What you will do =>
Print the listing in its entirety and exactly, leaving out images.

Data segment =>
========================================================================
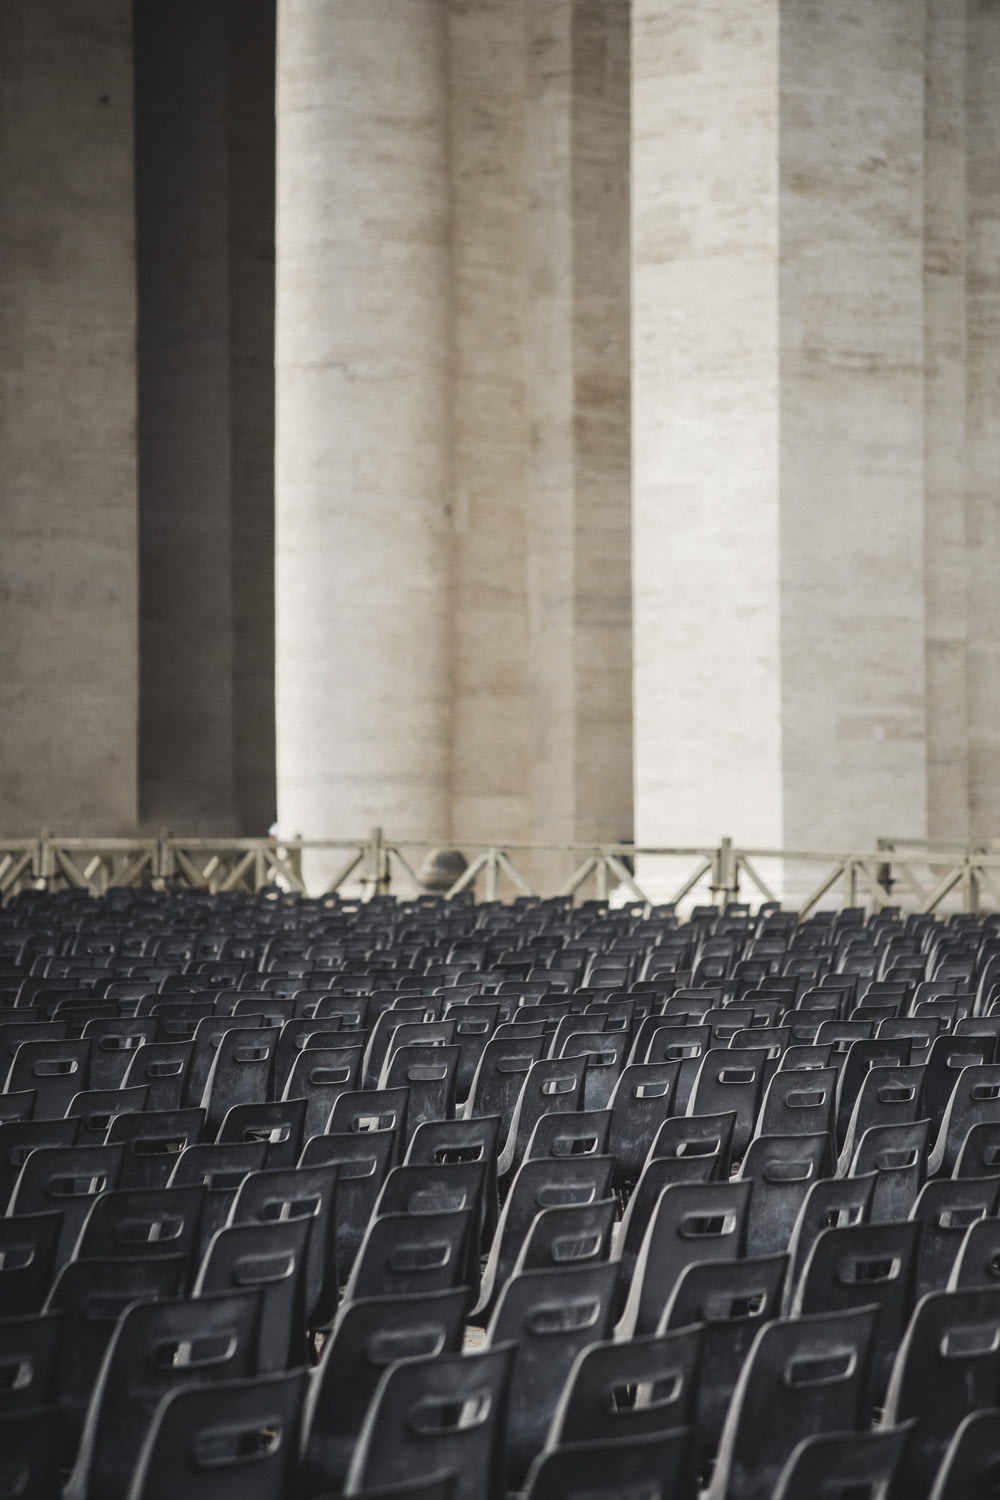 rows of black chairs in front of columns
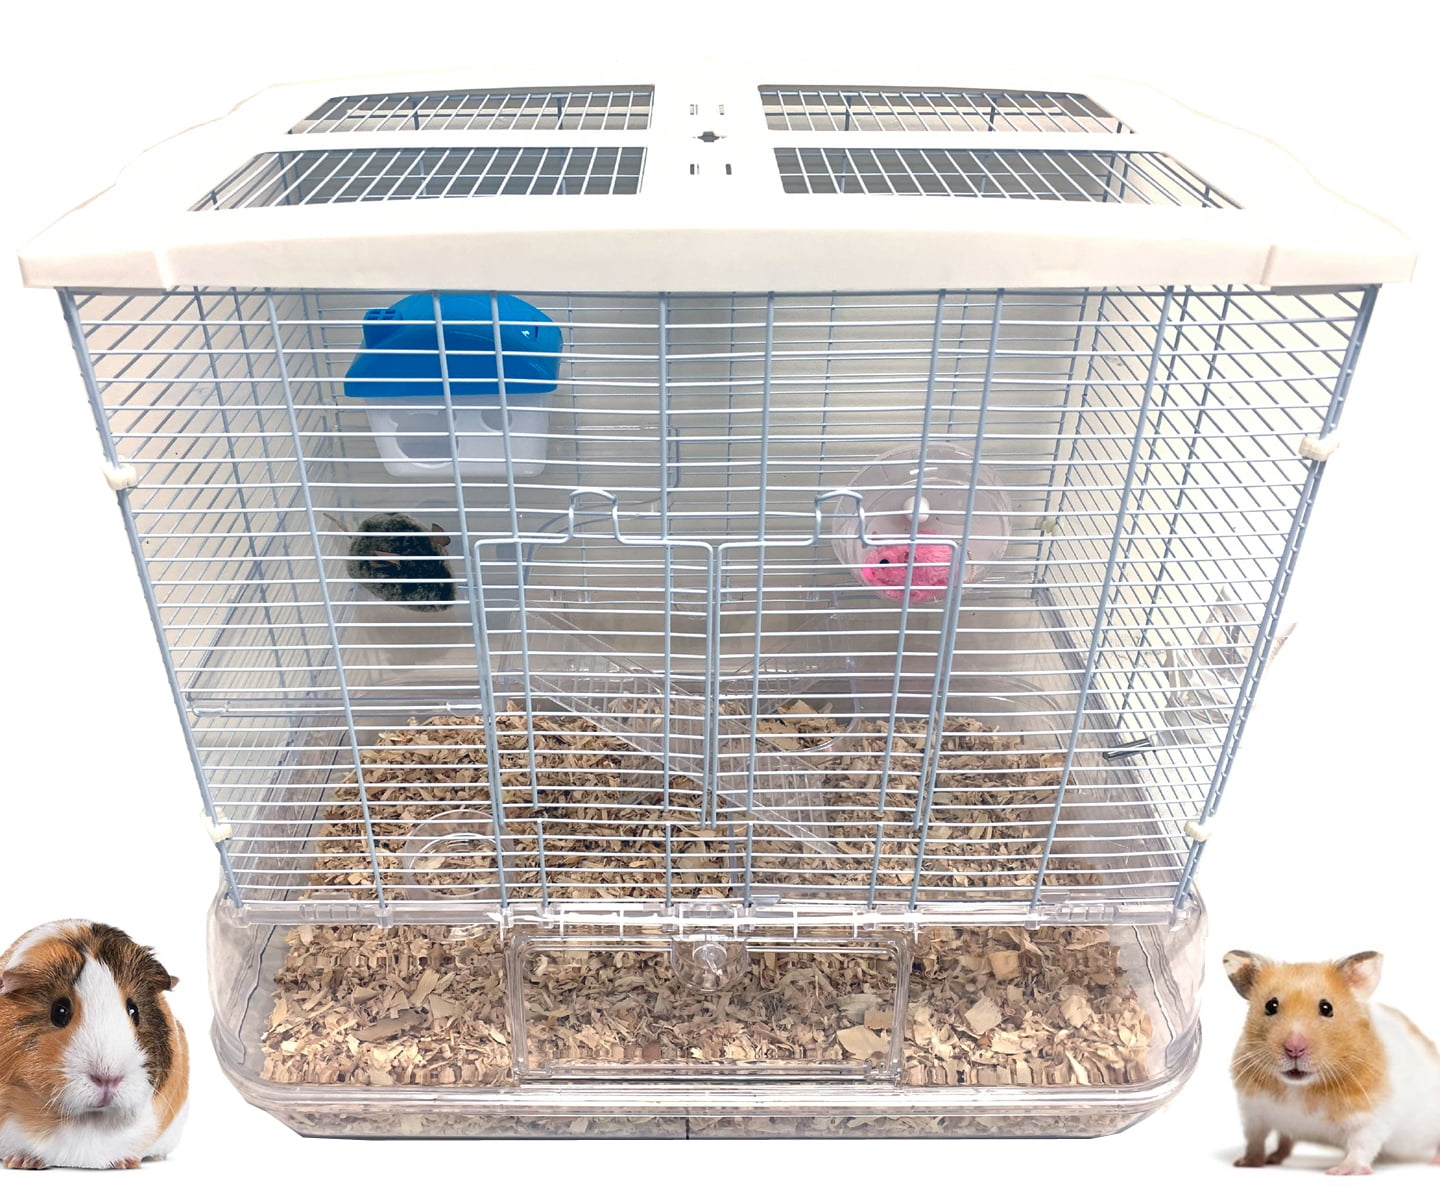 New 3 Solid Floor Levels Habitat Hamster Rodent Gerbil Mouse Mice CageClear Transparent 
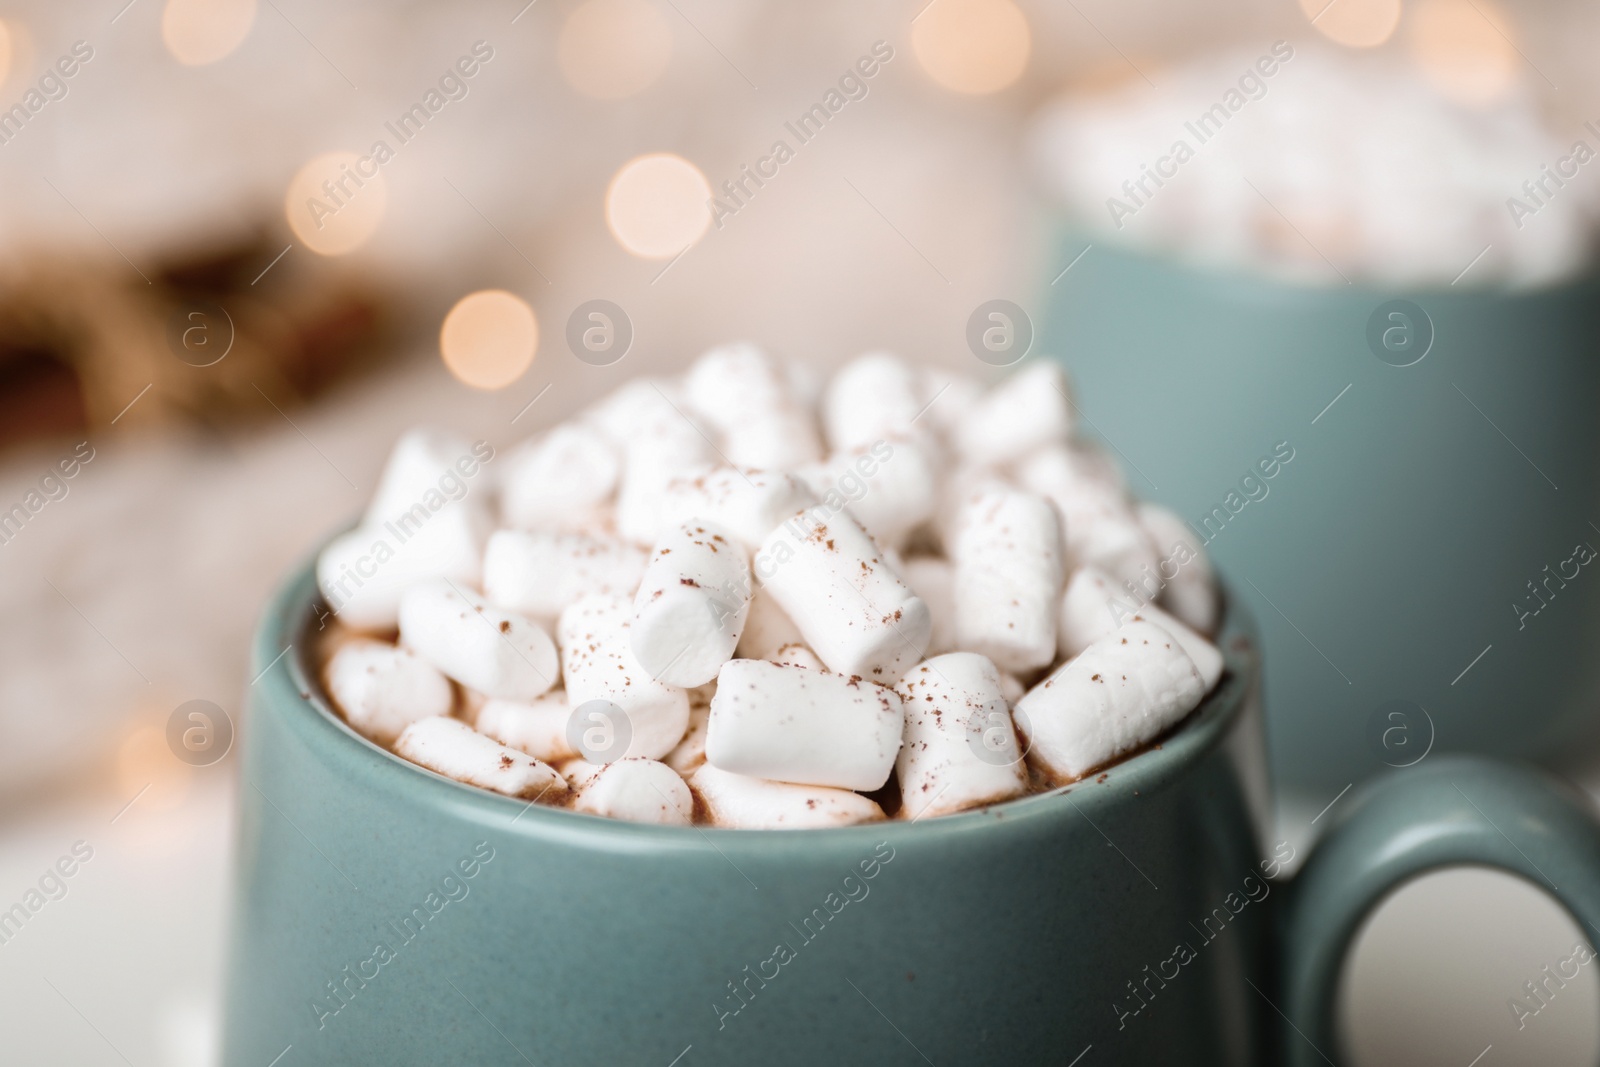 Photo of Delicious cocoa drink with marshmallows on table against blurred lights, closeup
========================================================================
Task solution =>
 rows of black chairs in front of columns
 New 3 Solid Floor Levels Habitat Hamster Rodent Gerbil Mouse Mice CageClear Transparent 
 Photo of Delicious cocoa drink with marshmallows on table against blurred lights, closeup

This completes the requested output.